Leukemia (Blood Cancer)

             In rheumatoid arthritis, “arthr-“refers to joints, “-itis” means inflammation, and “rheumatoid” comes from rheumatism, which more broadly refers to a musculoskeletal illness. So, rheumatoid arthritis is a chronic, inflammatory disorder that mostly affects the joints, but can also involve other organ systems like the skin and lungs as well. Alright, so a healthy joint typically has two bones covered with articular cartilage at the ends. Articular cartilage is a type of connective tissue that acts like a protective cushion - a lubricated surface for bones to smoothly glide against. One type of joint, like the knee joint, is called a synovial joint. A synovial joint connects two bones with a fibrous joint capsule that is continuous with the periosteum or outer layer of both bones.

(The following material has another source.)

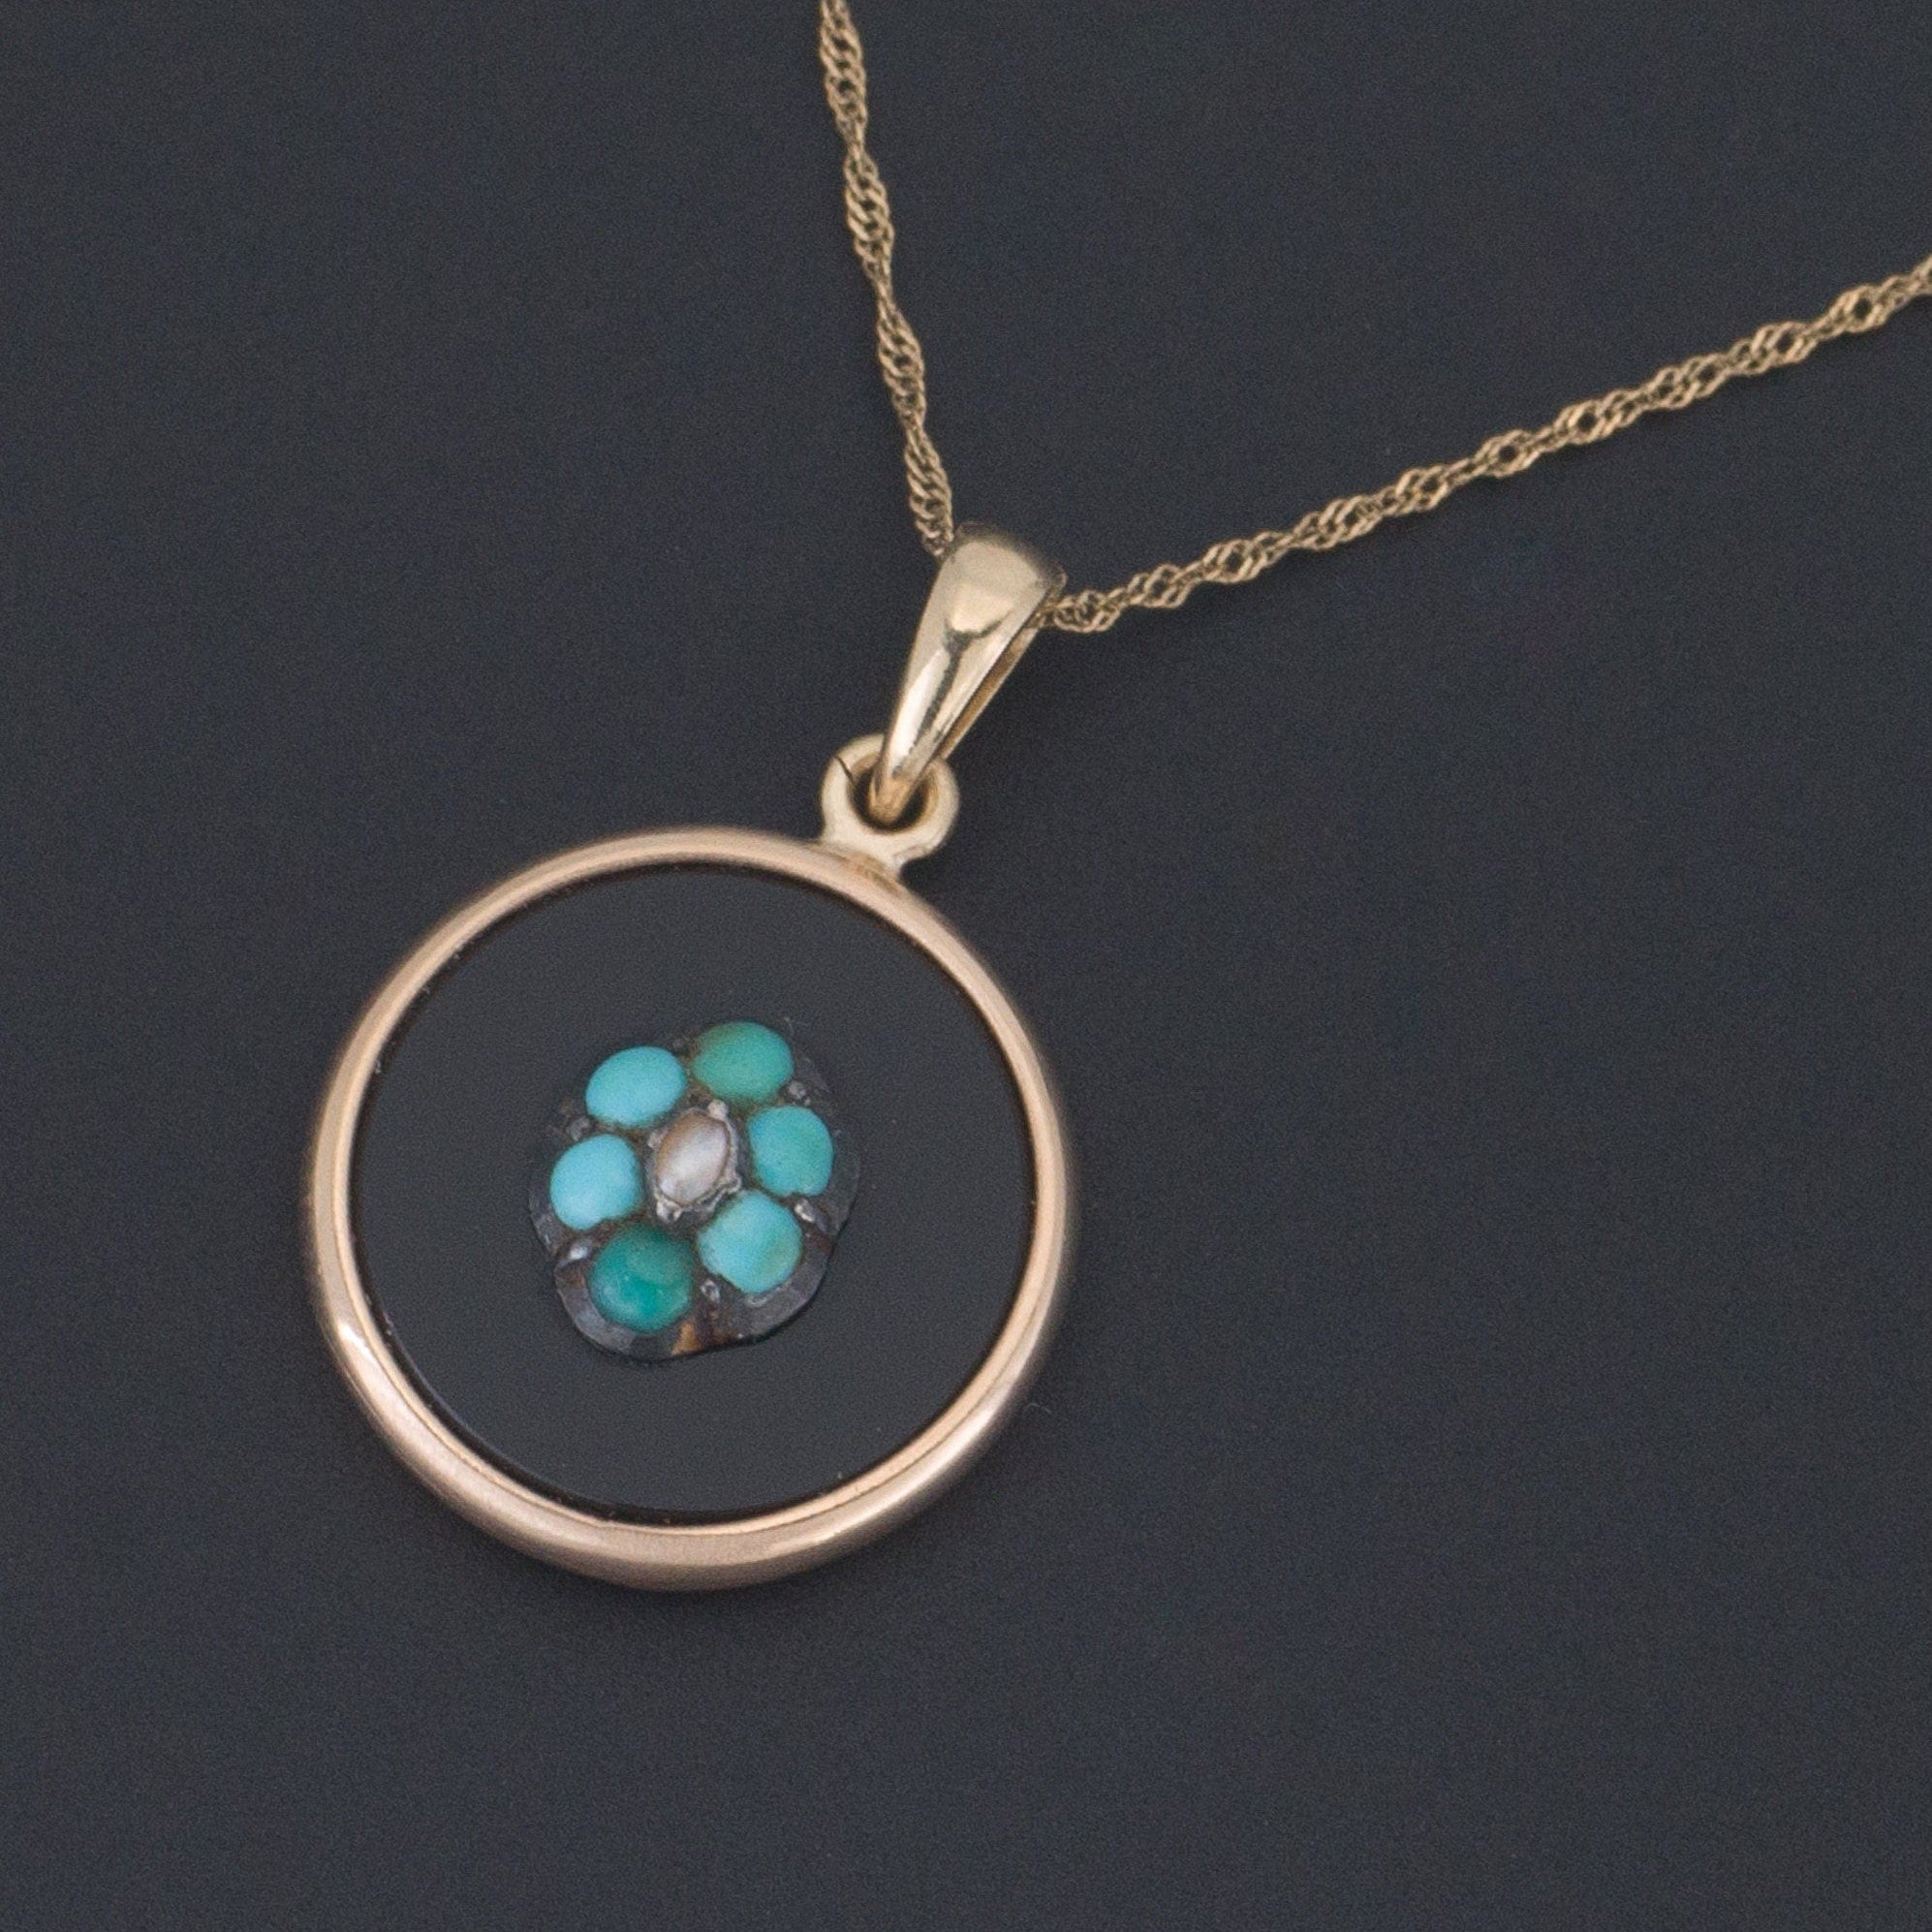 Antique Turquoise Forget Me Not Conversion Necklace of 14k Gold

The fibrous capsule is lined with a synovial membrane that has cells that produce synovial fluid and remove debris. The synovial fluid is normally a viscous fluid like the jelly-like part of a chicken egg and it helps lubricate the joint. To help serve these synovial cells, the synovial membrane also has blood vessels and lymphatics running through it. Together, the synovial membrane and the articular cartilage form the inner lining of the joint space. Rheumatoid arthritis is an autoimmune process that is typically triggered by an interaction between a genetic factor and the environment. For example, a person with a certain gene for an immune protein like human leukocyte antigen, or HLA- DR1 and HLA–DR4, might develop rheumatoid arthritis after getting exposed to something in the environment like a cigarette smoke or a specific pathogen like a bacteria that lives in the intestines.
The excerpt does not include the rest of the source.